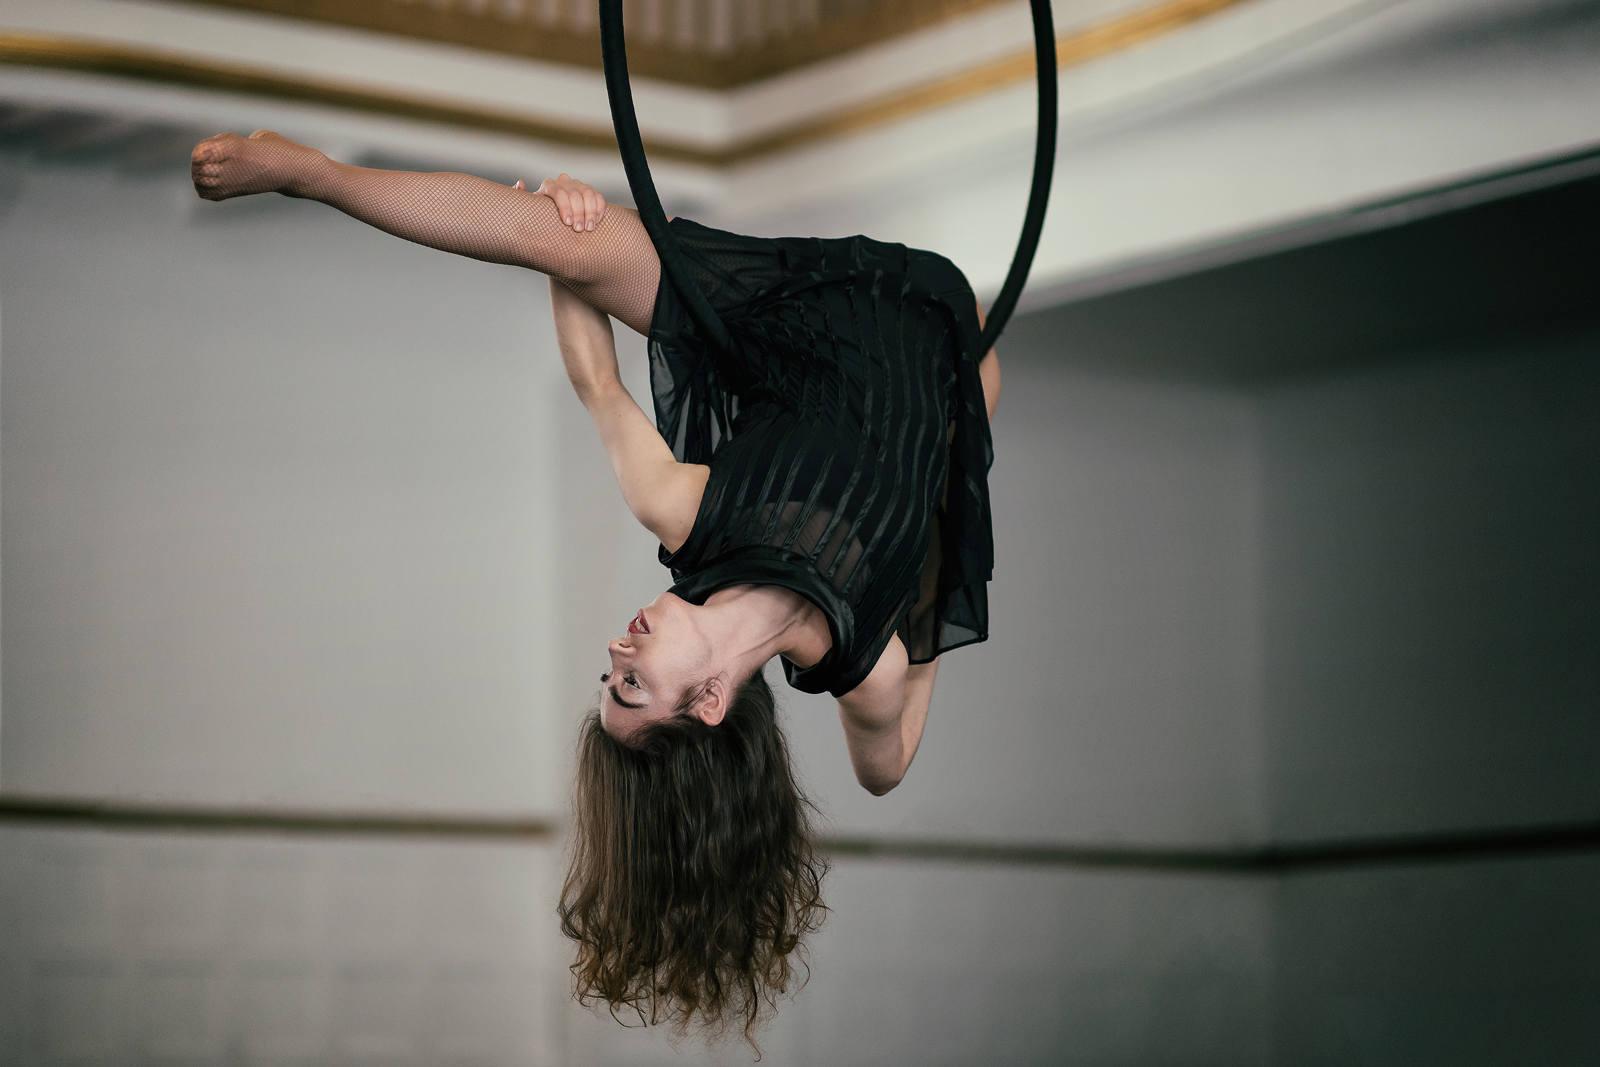 Elena-aerial-hoop
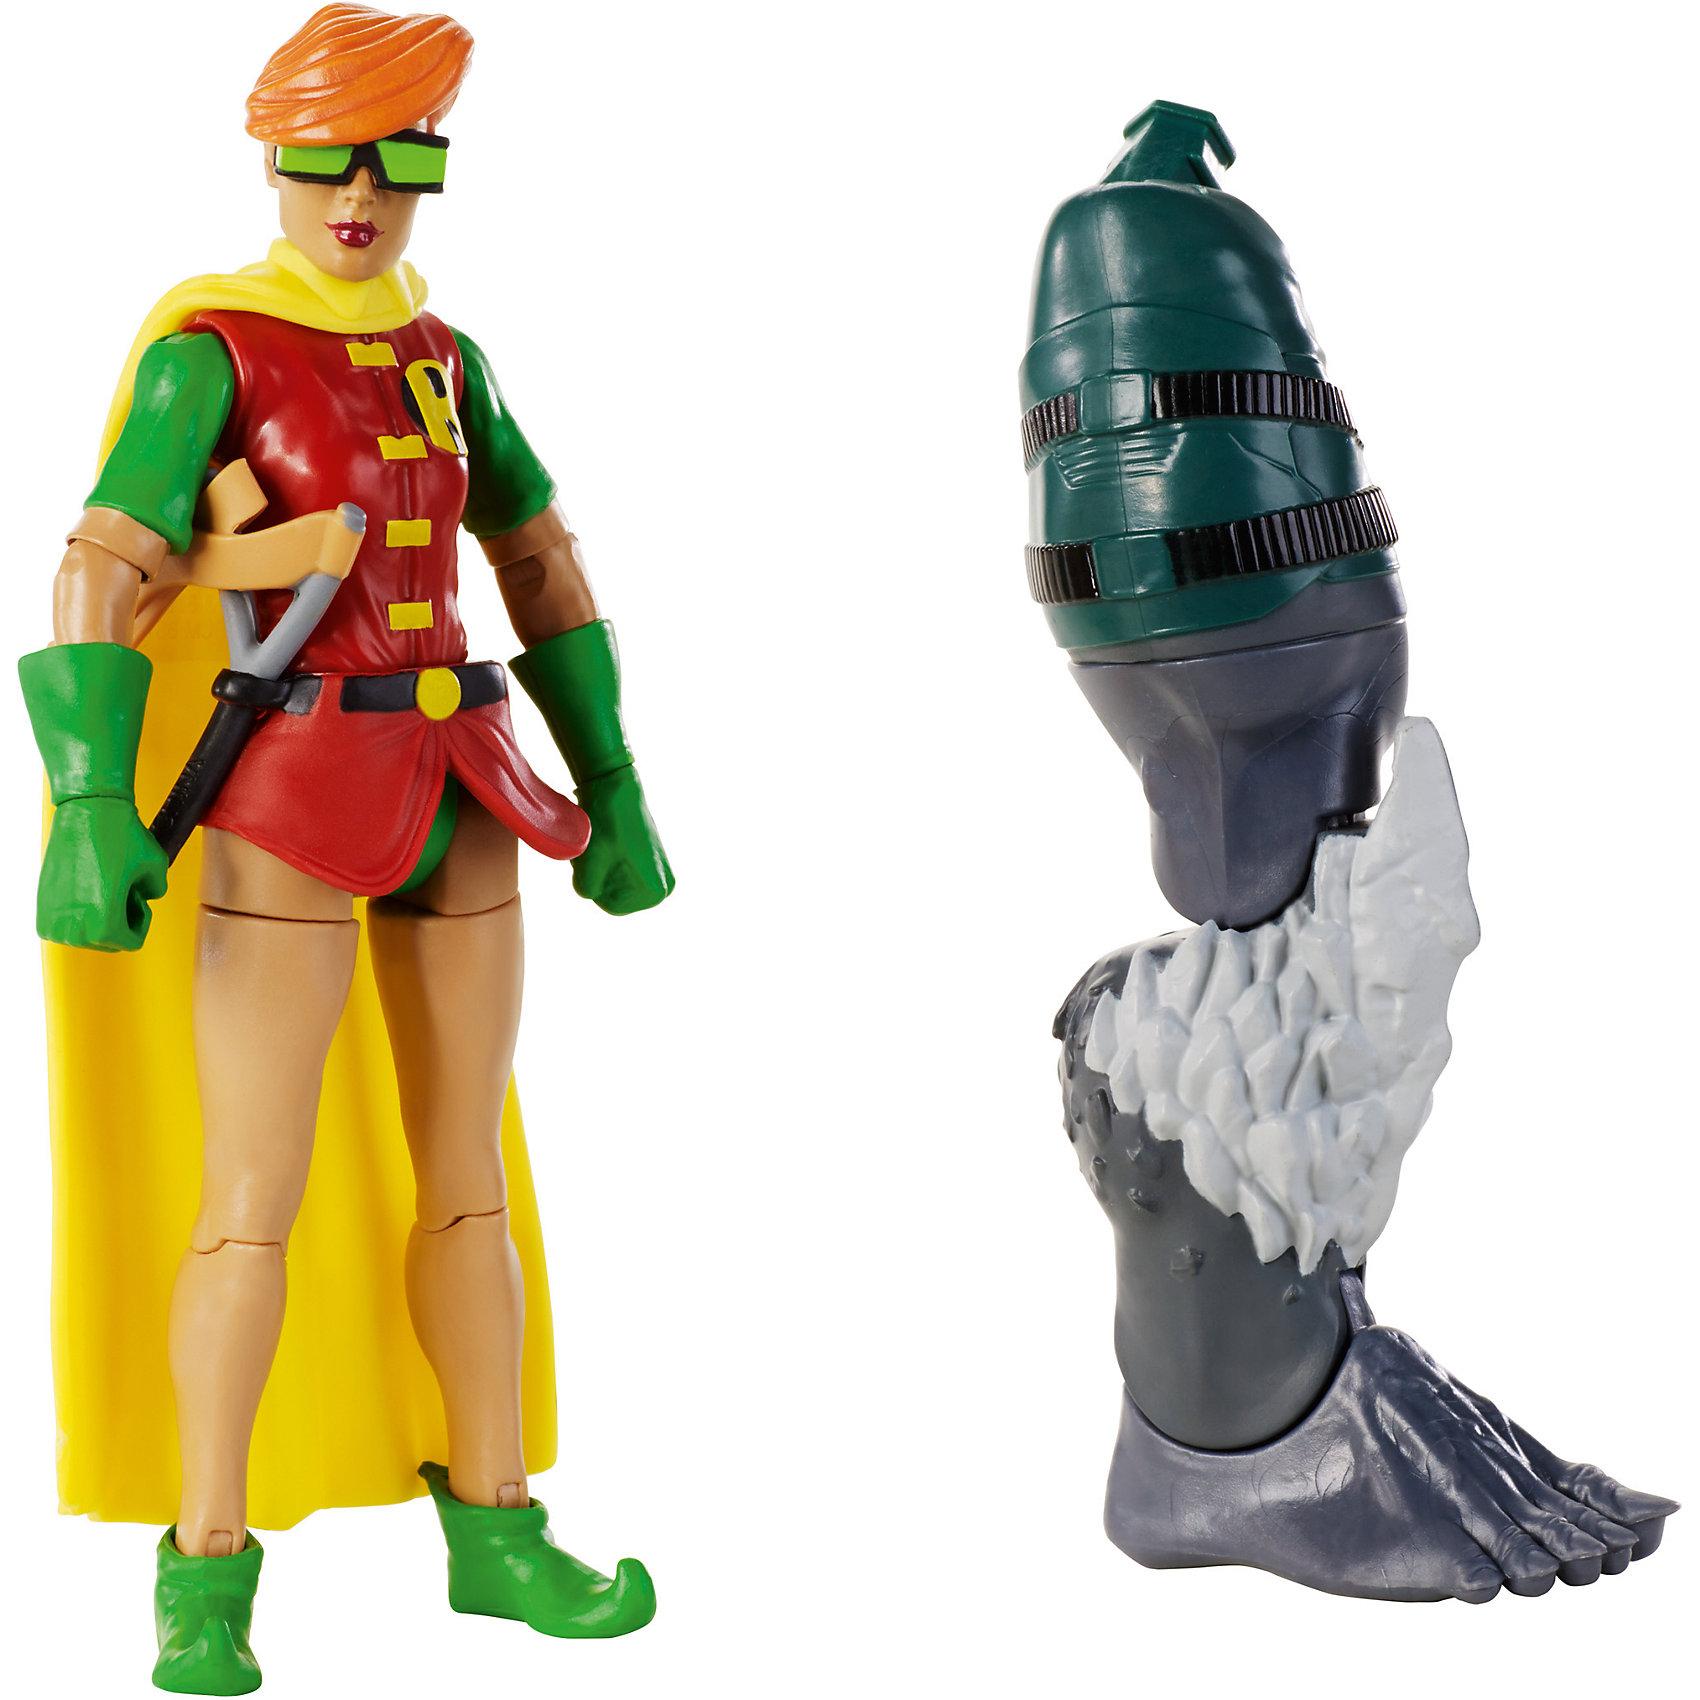 DC Comics: Робин из серии «Возращение тёмного рыцаря»Фигурка DC Comics: Робин из серии «Возвращение тёмного рыцаря» от известного американского бренда детских игрушек Mattel (Маттел). Эта специальная серия Вселенной DC Comics состоит из фигурок главных героев. Фигурка Робин выпущена в соответствии с комиксом о Бэтмене, где он является супер героем и борцом за справедливость, а Робин – его новая помощница. Девочке всего 13 лет, но она отлично справляется со злодеями. Хорошо выполненная пятнадцати сантиметровая фигурка Робин имеет восемнадцать точек артикуляции. Руки поворачиваются в плечах, гнутся в локтях и кистях, торс поворачивается, можно посадить фигурку на поперечный шпагат, ноги гнутся в коленях, также двигаются ступни. Плащ костюма Робин состоит из мягкого пластика и гнется, позволяя фигурке двигаться. Насыщенные цвета и отличная детализация фигурки придет по вкусу как фанатам фильмов, так и фанатам супер героев и комиксов.<br>Дополнительная информация:<br><br>- В набор входит: фигурка, декоративная рогатка, правая нога Думсдея<br>- Состав: пластик<br>- Размер: около 10 см. <br><br>Фигурку DC Comics: Робин из серии «Возвращение тёмного рыцаря» можно купить в нашем интернет-магазине.<br><br>Ширина мм: 55<br>Глубина мм: 150<br>Высота мм: 265<br>Вес г: 252<br>Возраст от месяцев: 48<br>Возраст до месяцев: 120<br>Пол: Мужской<br>Возраст: Детский<br>SKU: 5032899
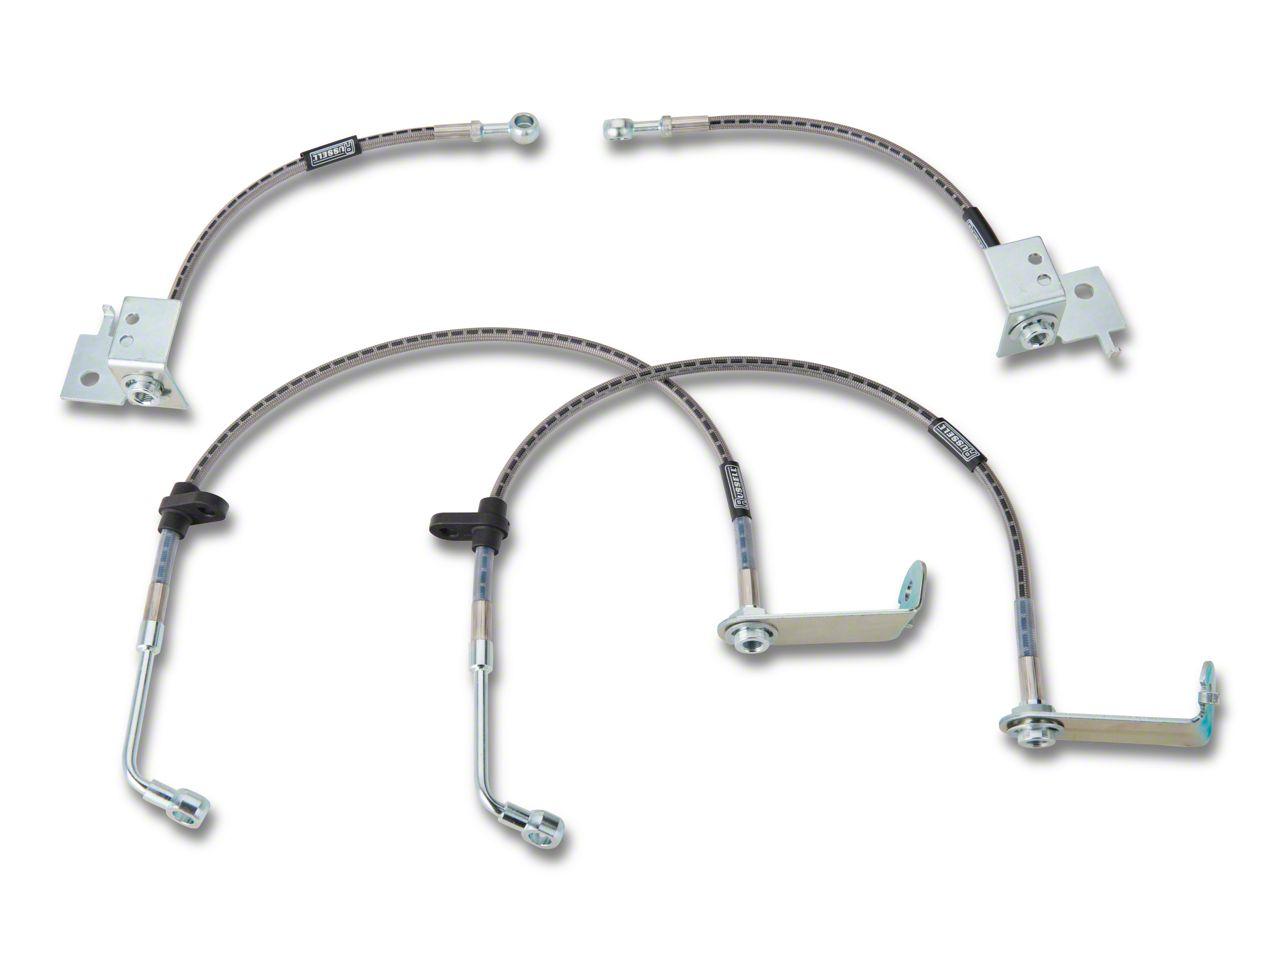 Silver Hose /& Stainless Green Banjos Pro Braking PBR8148-SIL-GRE Rear Braided Brake Line

:::

**DESCRIPTION OF THE TASK**
Transcribe the listing exactly; omit all images.

**RESULT**
 Elena-aerial-hoop
 DC Comics: Робин из серии «Возращение тёмного рыцаря»Фигурка DC Comics: Робин из серии «Возвращение тёмного рыцаря» от известного американского бренда детских игрушек Mattel (Маттел). Эта специальная серия Вселенной DC Comics состоит из фигурок главных героев. Фигурка Робин выпущена в соответствии с комиксом о Бэтмене, где он является супер героем и борцом за справедливость, а Робин – его новая помощница. Девочке всего 13 лет, но она отлично справляется со злодеями. Хорошо выполненная пятнадцати сантиметровая фигурка Робин имеет восемнадцать точек артикуляции. Руки поворачиваются в плечах, гнутся в локтях и кистях, торс поворачивается, можно посадить фигурку на поперечный шпагат, ноги гнутся в коленях, также двигаются ступни. Плащ костюма Робин состоит из мягкого пластика и гнется, позволяя фигурке двигаться. Насыщенные цвета и отличная детализация фигурки придет по вкусу как фанатам фильмов, так и фанатам супер героев и комиксов.<br>Дополнительная информация:<br><br>- В набор входит: фигурка, декоративная рогатка, правая нога Думсдея<br>- Состав: пластик<br>- Размер: около 10 см. <br><br>Фигурку DC Comics: Робин из серии «Возвращение тёмного рыцаря» можно купить в нашем интернет-магазине.<br><br>Ширина мм: 55<br>Глубина мм: 150<br>Высота мм: 265<br>Вес г: 252<br>Возраст от месяцев: 48<br>Возраст до месяцев: 120<br>Пол: Мужской<br>Возраст: Детский<br>SKU: 5032899
 Silver Hose /& Stainless Green Banjos Pro Braking PBR8148-SIL-GRE Rear Braided Brake Line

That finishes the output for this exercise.